In the records below, find the line that contains "ium babyroom 1.jpg" and the line that contains "Appartement - Molenbeek-Saint-Jean", then retype exactly those two lines and every line between them.

SOURCE DATA START

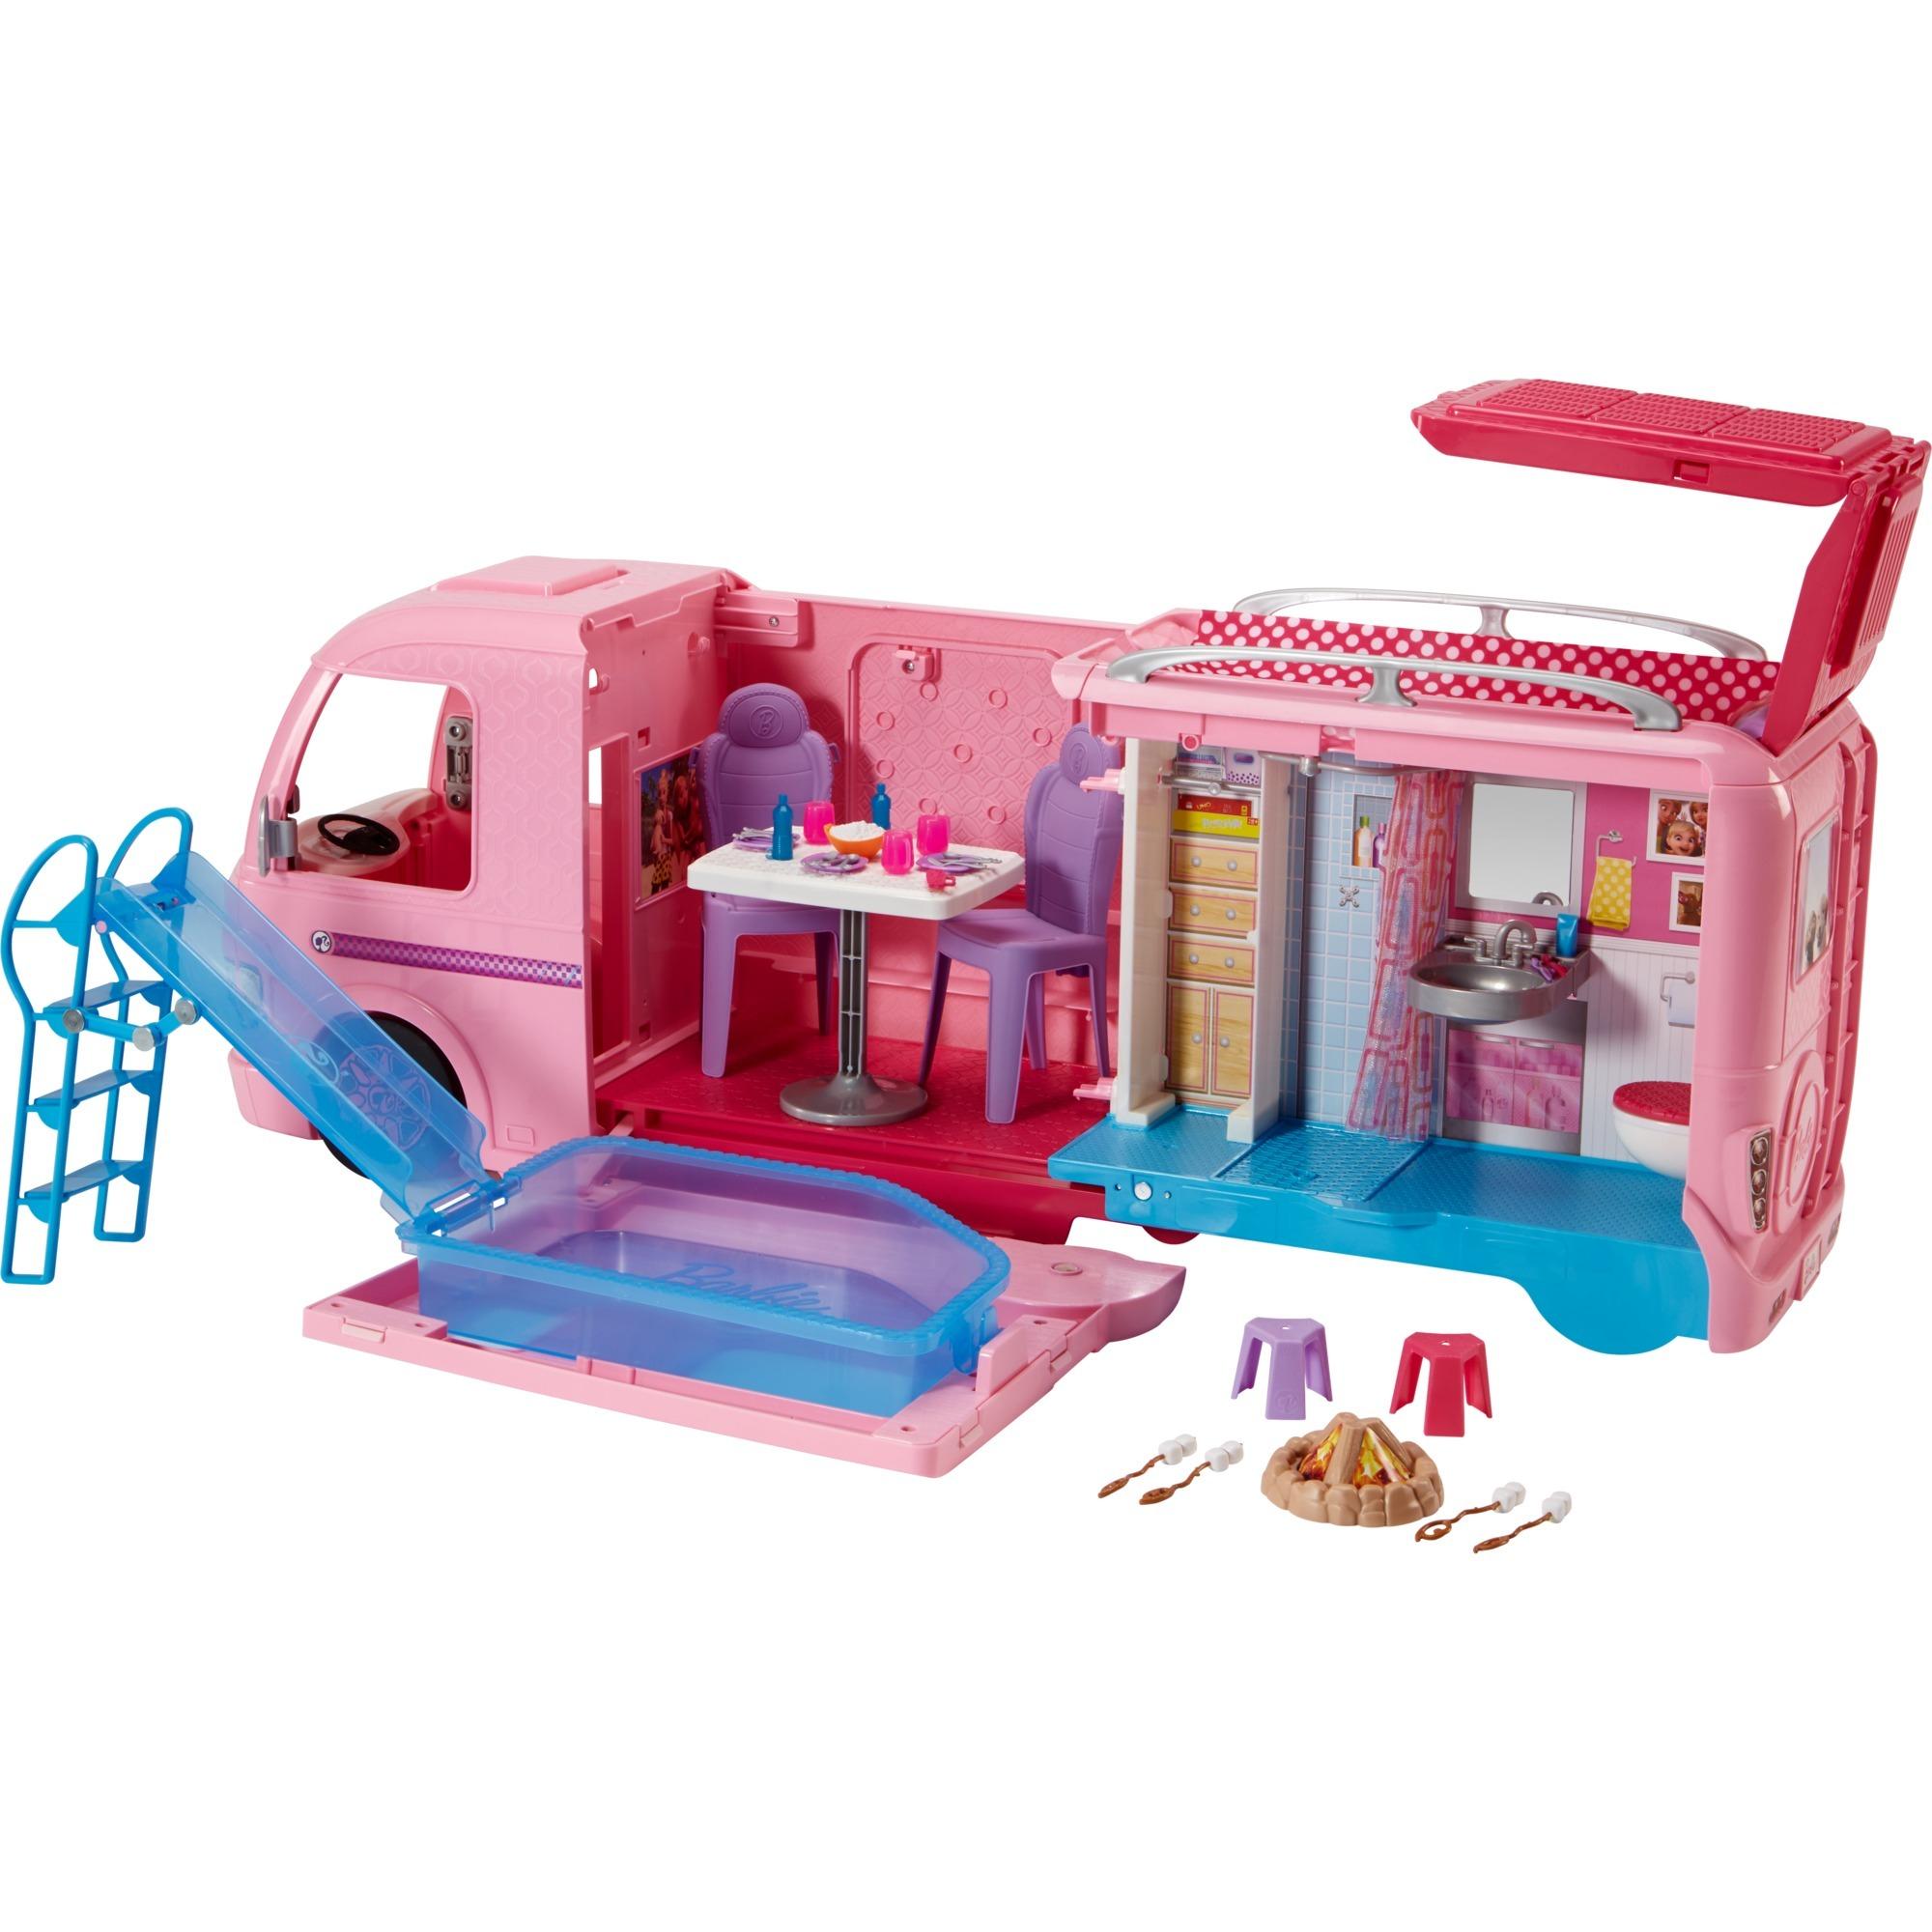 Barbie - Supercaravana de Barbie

SOURCE DATA END
SOURCE DATA START

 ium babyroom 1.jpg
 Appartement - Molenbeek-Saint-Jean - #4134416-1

SOURCE DATA END
SOURCE DATA START

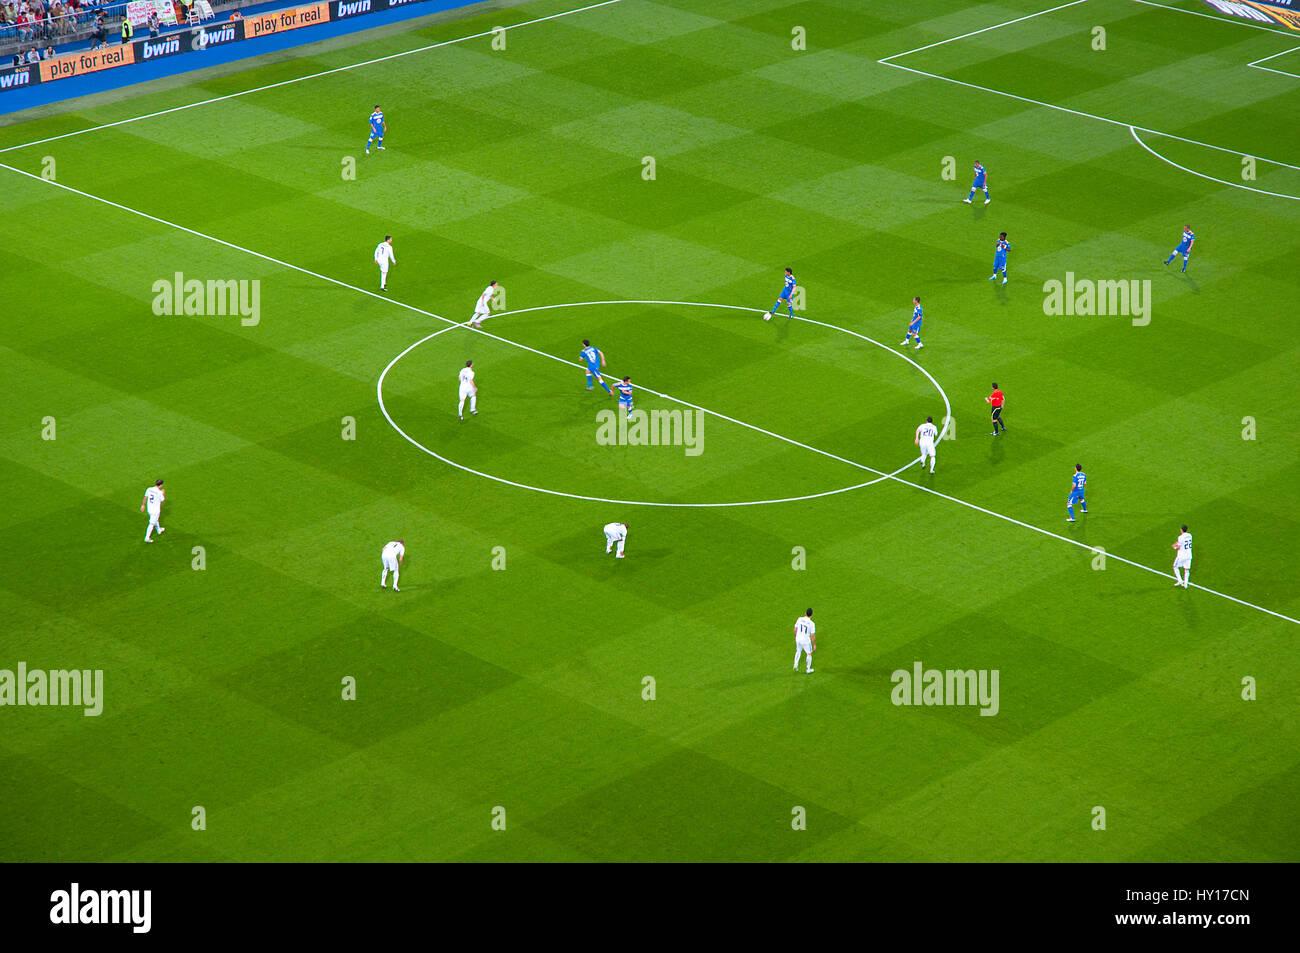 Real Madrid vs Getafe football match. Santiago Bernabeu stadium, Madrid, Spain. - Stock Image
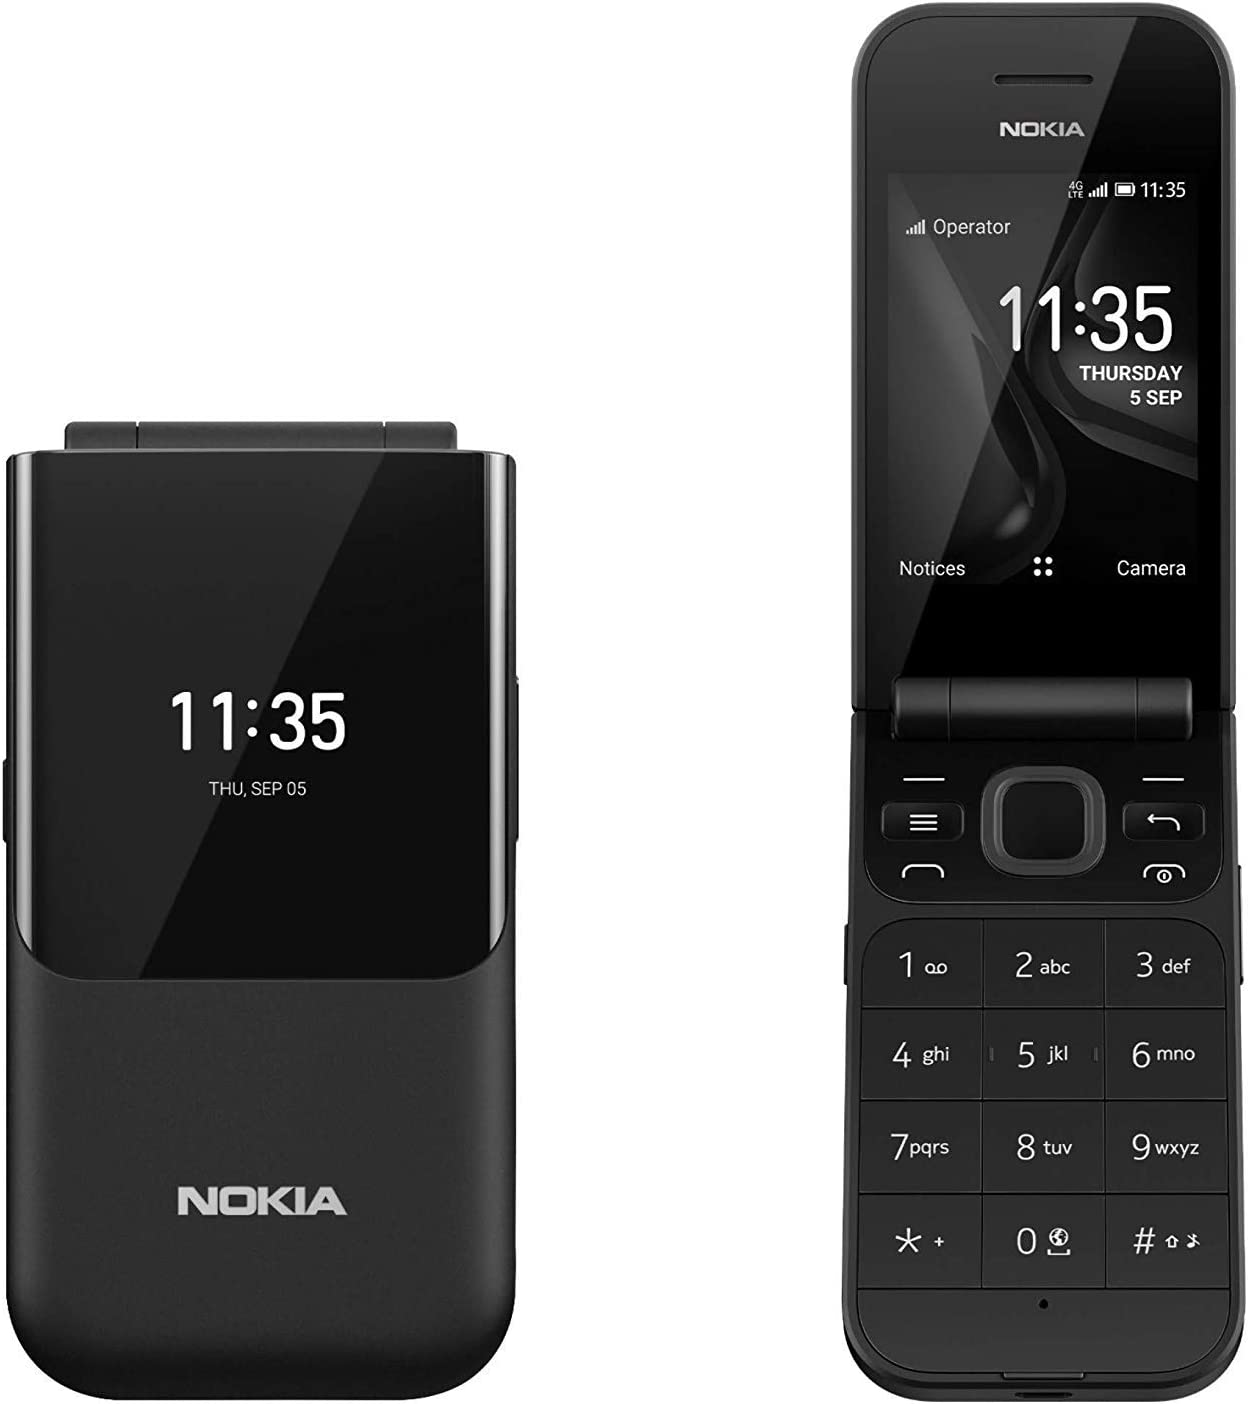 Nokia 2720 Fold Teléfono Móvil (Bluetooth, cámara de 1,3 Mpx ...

SOURCE DATA END

- SOLUTION TO THE PROBLEM:
 ium babyroom 1.jpg
 Appartement - Molenbeek-Saint-Jean - #4134416-1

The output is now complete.